O Investigador Daniel interrompeu Jusvaldo com sua voz calma, porém, o


timbre que usou foi enérgico:

__Ocê ainda é novo na Polícia, Jusvaldo: Elias vai falar e eu vou ri de vocêis
quando ele falar!

O Investigador Daniel disse em alta voz para ser ouvido por Elias:

__Eu tô só esperando a hora do Elias abrir a boca pra gente levar ele lá pra
cadeia... Não vamos soltar ele porque somos honestos! No fundo ele é um cara gente
boa, é filho de um Pastor lá de Goiânia... Se nóis matasse ele, ia dar problema pra gente!

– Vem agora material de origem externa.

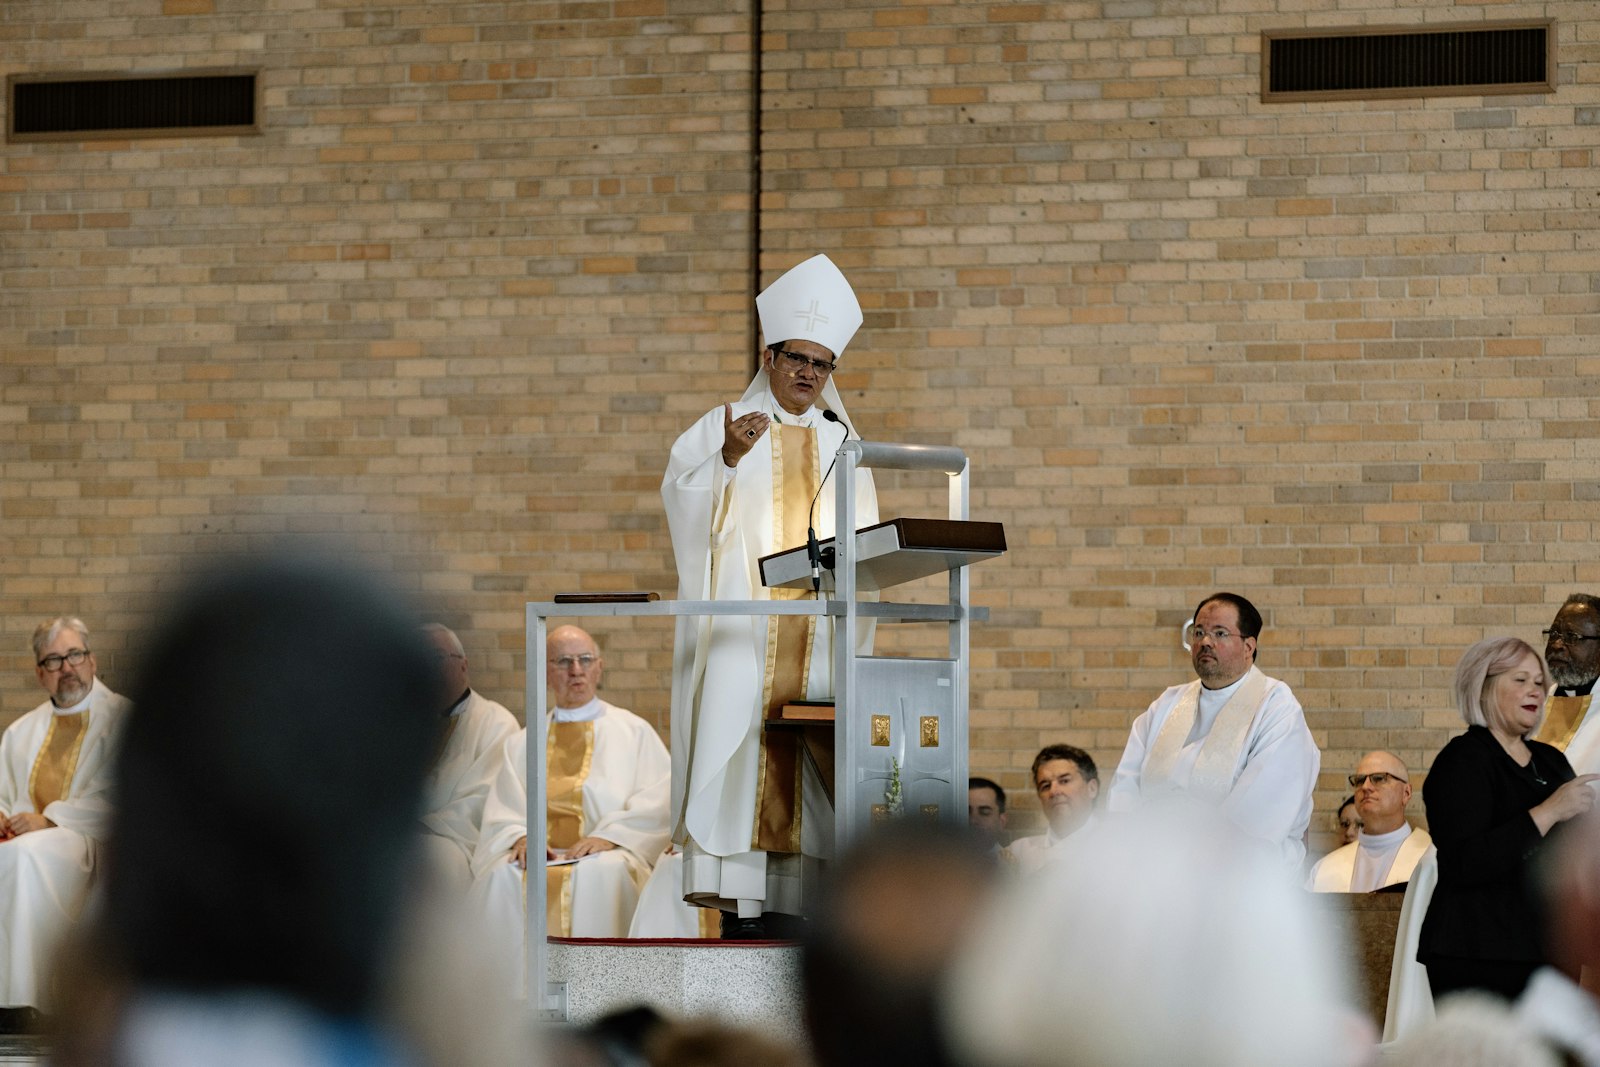 El Obispo Auxiliar Arturo Cepeda pronunció el discurso de apertura en español y celebró la Misa junto con el Arzobispo de Detroit Allen H. Vigneron. (Alissa Tuttle | Especial para Detroit Catholic)
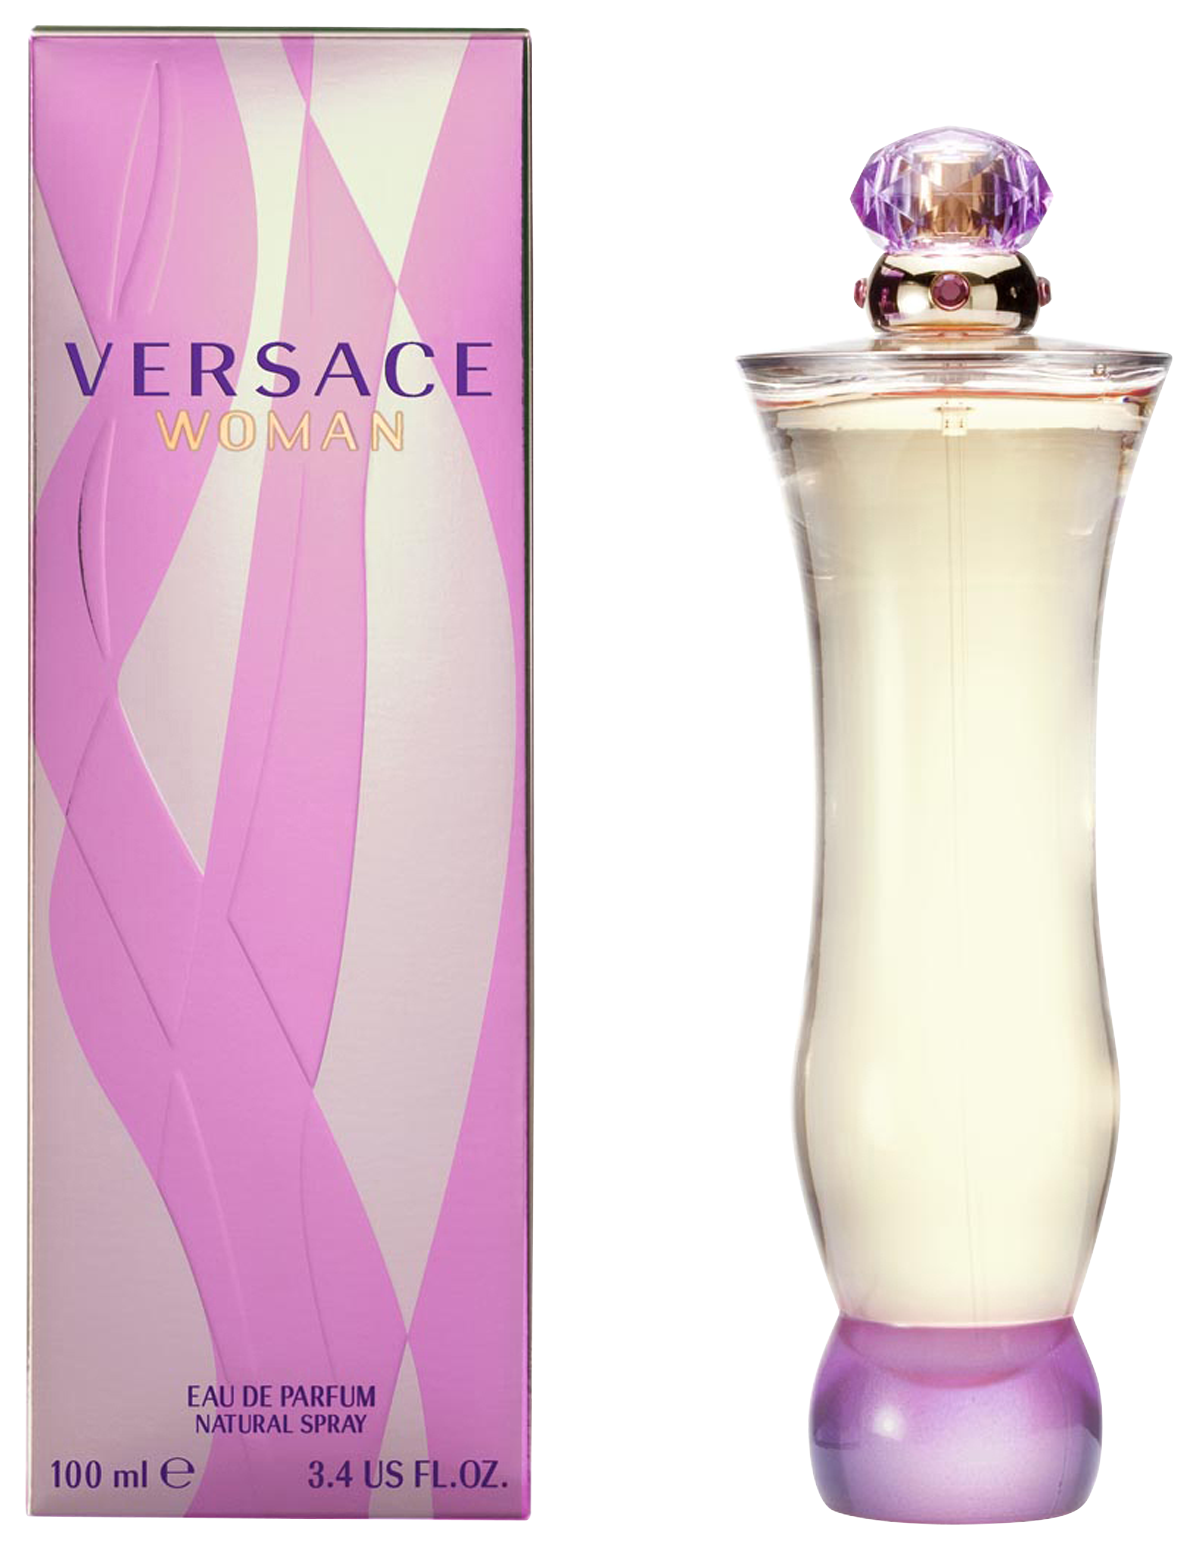 Versace Woman Eau de Parfum 100 ml

Elias riu daquele gesto ingênuo do Policial em achar que ‘ele’ sendo um Mestre
de enganar através das palavras iria cair naquela conversa. Que dissessem o que
quisessem, mas o que sabia é que seria morto. O tal Pedro Cobrinha que foi citado
naquela prosa era um dos muitos ladrões que sumiram na cidade sem deixar notícias.
Ele foi um dos que assaltaram a cadeia municipal em 1994. Elias o conheceu e agora
sabia onde estava seu cadáver: lá na infamante Cascalheira! Depois que o Investigador
Daniel disse aquilo foi em direção ao porta-malas e retirou o supliciado que por não
conseguir andar foi ajudado por ele e pelo Agente Luís. Tiveram que subir poucos
degraus até chegarem à sala do Delegado que estava defronte uma mesa cheia de
guloseimas de padaria. Ele era um homem já na terceira idade, uns 55 a 60 anos. Era
branco, gordo e vistoso. Seus cabelos lisos e grisalhos junto com o semblante claro eram
bastante agradáveis de olhar. Estava presidindo a Delegacia há muitos anos. Não era a
primeira vez que Elias e ele se encontravam, pois somente naquele Distrito o outro fora
preso várias vezes.

O Delegado velho e gordo lambia os dedos que estavam sujos de açúcar e doce
de leite, provenientes de um amontoado de sonhos recheados sobre a mesa. Estendeu
sua mão gorda ao prato de sonhos, dizendo enquanto mastigava a guloseima:

__Ê Elias! O bom filho a casa retorna... Como dizem aqui Goiás: “O tatu velho
nunca se esquece de uma morada antiga!”.

Os Policiais que vinham conduzindo Elias chegaram-no mais perto da mesa do


Delegado que fez uma careta de nojo, enquanto mastigava um bocado de sonho,
dizendo logo em seguida:

__Mas que fedor é esse... O Elias tava bêbado quando vocês prenderam ele?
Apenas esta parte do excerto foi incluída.